ARTICLES OF INCORPORATION
Article I: Name and Duration
1. The name of the corporation shall be Mentor Me Now Foundation.
2. The duration of the corporation shall be perpetual.
Article II: Purpose
1. The corporation's purpose is to provide mentorship and support to youth in need, empowering them to reach their full potential and become successful members of society.
2. The corporation shall engage in charitable and educational activities, including but not limited to mentoring programs, counseling, skills development, and academic scholarships.
Article III: Address
1. The principal office address of the corporation in the State of Nevada shall be 720 Claxton Ave, N Las Vegas, NV 89084].
2. The corporation may establish additional offices or locations as necessary by the Board of Directors.
Article IV: Governing Board
1. The corporation shall be governed by a Board of Directors, consisting of individuals dedicated to the mission and objectives of the corporation.
2. The initial Board of Directors shall consist of 5 members, with the power to elect additional directors as stated in the bylaws.
3. The Board of Directors shall have the authority to manage the affairs, property, and funds of the corporation.
Article V: Members
1. The corporation may have members as specified in the bylaws.
2. Membership categories, rights, and responsibilities shall be defined in the bylaws.
Article VI: Limitations
1. The corporation is organized exclusively for charitable and educational purposes under Section 501(c)(3) of the Internal Revenue Code.
2. No part of the corporation's net earnings shall benefit any individual, member, or director, except as permitted by law.
3. In the event of dissolution of the corporation, the remaining assets shall be distributed to one or more charitable organizations with similar missions, as determined by the Board of Directors.
Article VII: Registered Agent and Incorporator
1. The name and address of the registered agent for the corporation in the State of Nevada shall be LaTonya Miller, 720 Claxton Ave., N Las Vegas, NV 89084.

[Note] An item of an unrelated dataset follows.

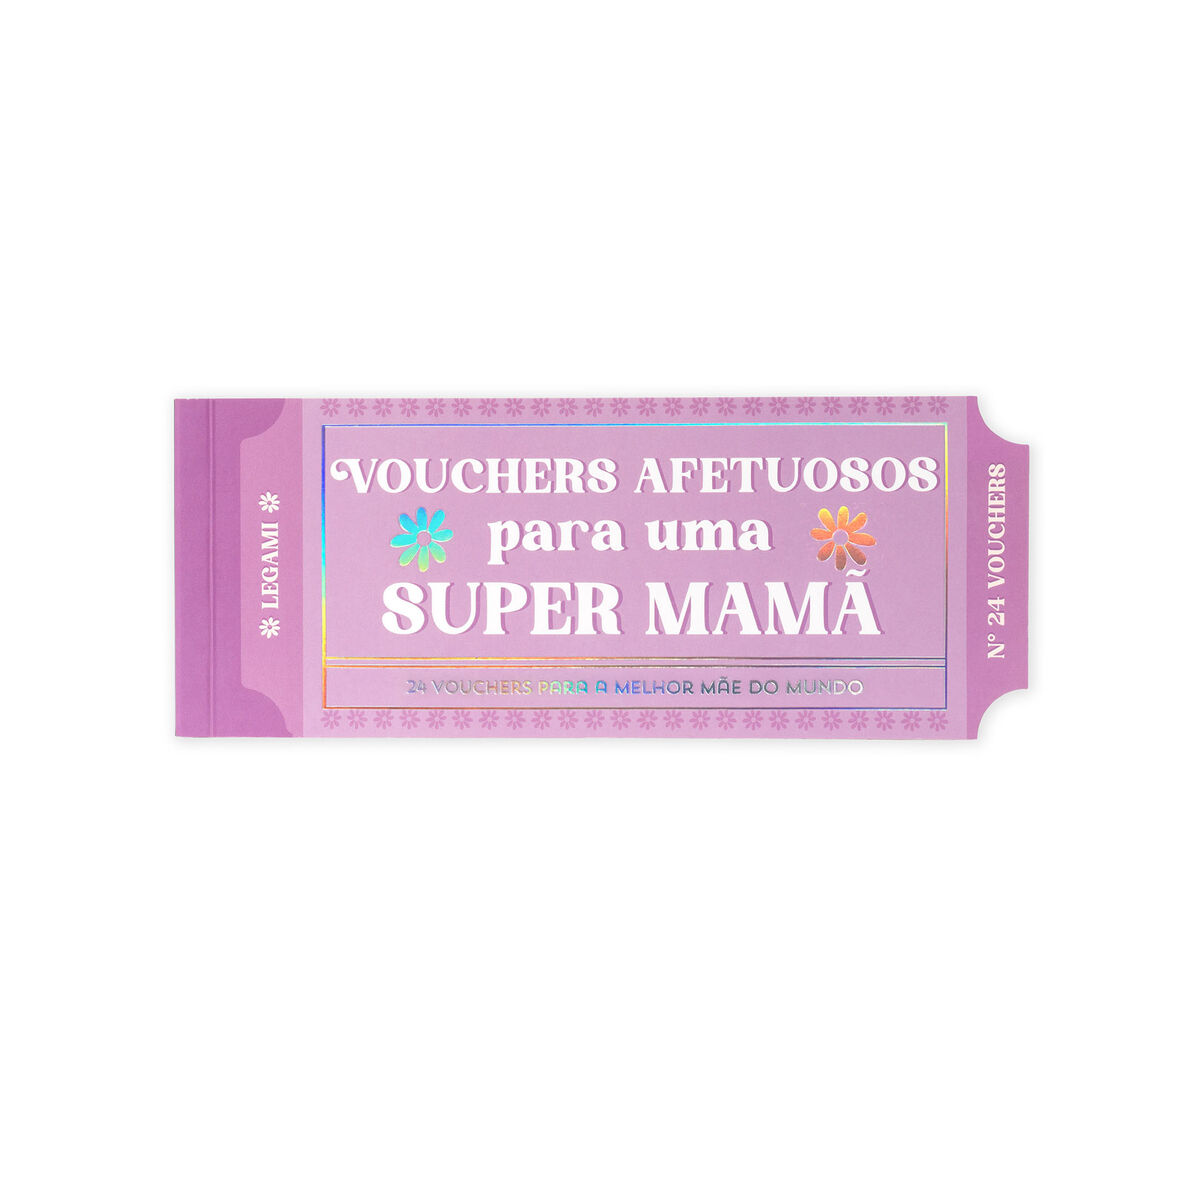 Book of 24 Vouchers for Mums - Portuguese, , zoo

2. The incorporator of the corporation is NV Corporate Certificate, 963 Topsy Ln. 306-331, Carson City, NV 89705.
**BYLAWS**
Article I: Membership
1. Membership Categories: The bylaws shall specify the categories of membership, rights, requirements, and procedures for admission and termination of membership.
2. Meetings: Regular and special membership meetings shall be held as determined by the Board of Directors. The bylaws shall specify the procedures for conducting meetings.

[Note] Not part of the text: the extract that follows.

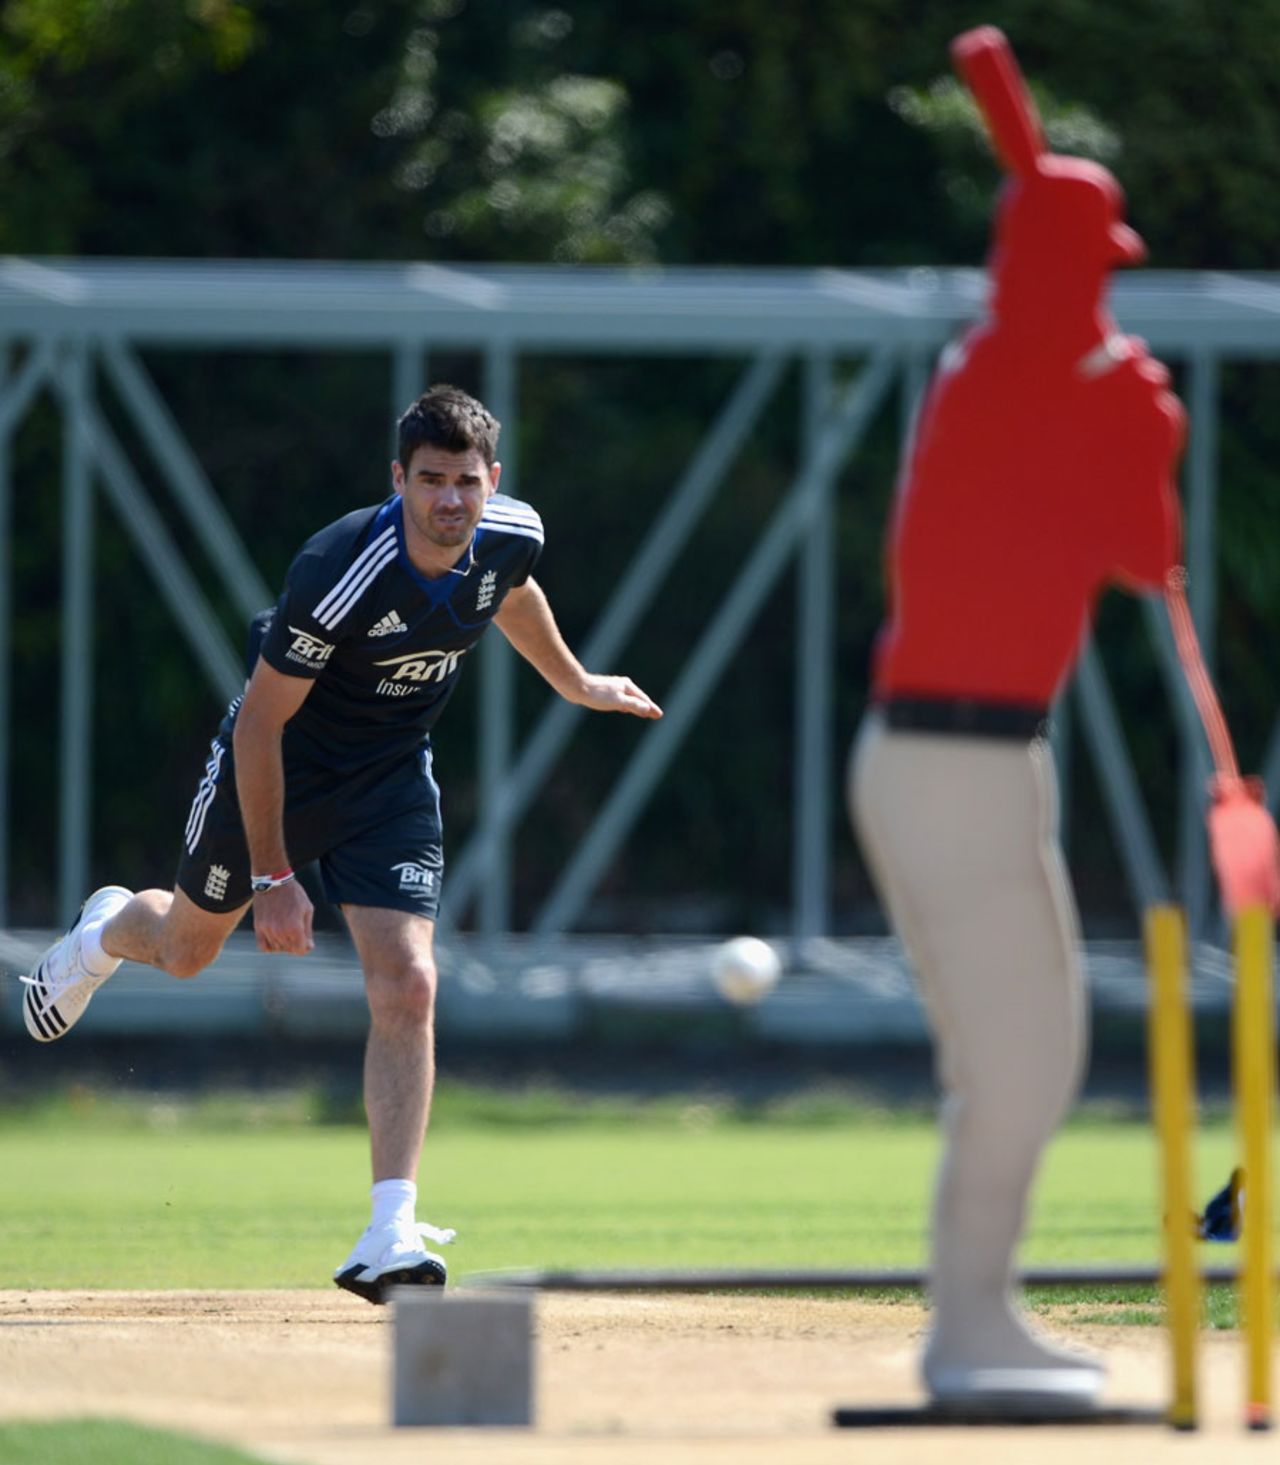 England bowler James Anderson practices ahead of the final ODI between England and New Zealand, New Zealand v England, Auckland

Article II: Board of Directors
1. Composition: The bylaws shall specify the number of directors, their qualifications, terms of office, and procedures for election or appointment.
2. Meetings: Regular and special board meetings shall be held as determined by the Board of Directors. The bylaws shall specify the quorum and voting requirements.
3. Powers and Duties: The bylaws shall outline the powers, responsibilities, and limitations of the Board of Directors, including the authority to make policies, approve budgets, and oversee the operations of the corporation.
Article III: Officers
1. Officers: The bylaws shall specify the officers of the corporation, their roles, appointment or election procedures, terms of office, and powers and duties.
2. Committees: The bylaws may establish committees, define their composition, responsibilities, and authority, as well as procedures for their creation and dissolution.
Article IV: Finances
1. Fiscal Year: The fiscal year of the corporation shall be 2023.
2. Financial Management: The bylaws shall outline procedures for budgeting, financial reporting, audit, and financial control mechanisms.
3. Indemnification: The bylaws shall provide for the indemnification of directors, officers, and employees to the fullest extent permitted by law.
Article V: Amendment
1. These bylaws may be amended, altered, or repealed by the Board of Directors at any regular or special meeting. Proposed amendments shall be presented in writing with notice given to all directors.
Article VI: Dissolution
1. Upon the dissolution of the corporation, the Board of Directors shall follow the procedures indicated in the Articles of Incorporation and applicable laws for the distribution of assets.
These Articles of Incorporation and Bylaws have been duly adopted by the incorporator and initial Board of Directors of Mentor Me Now Foundation.
Executed on October 24, 2023, in the State of Nevada.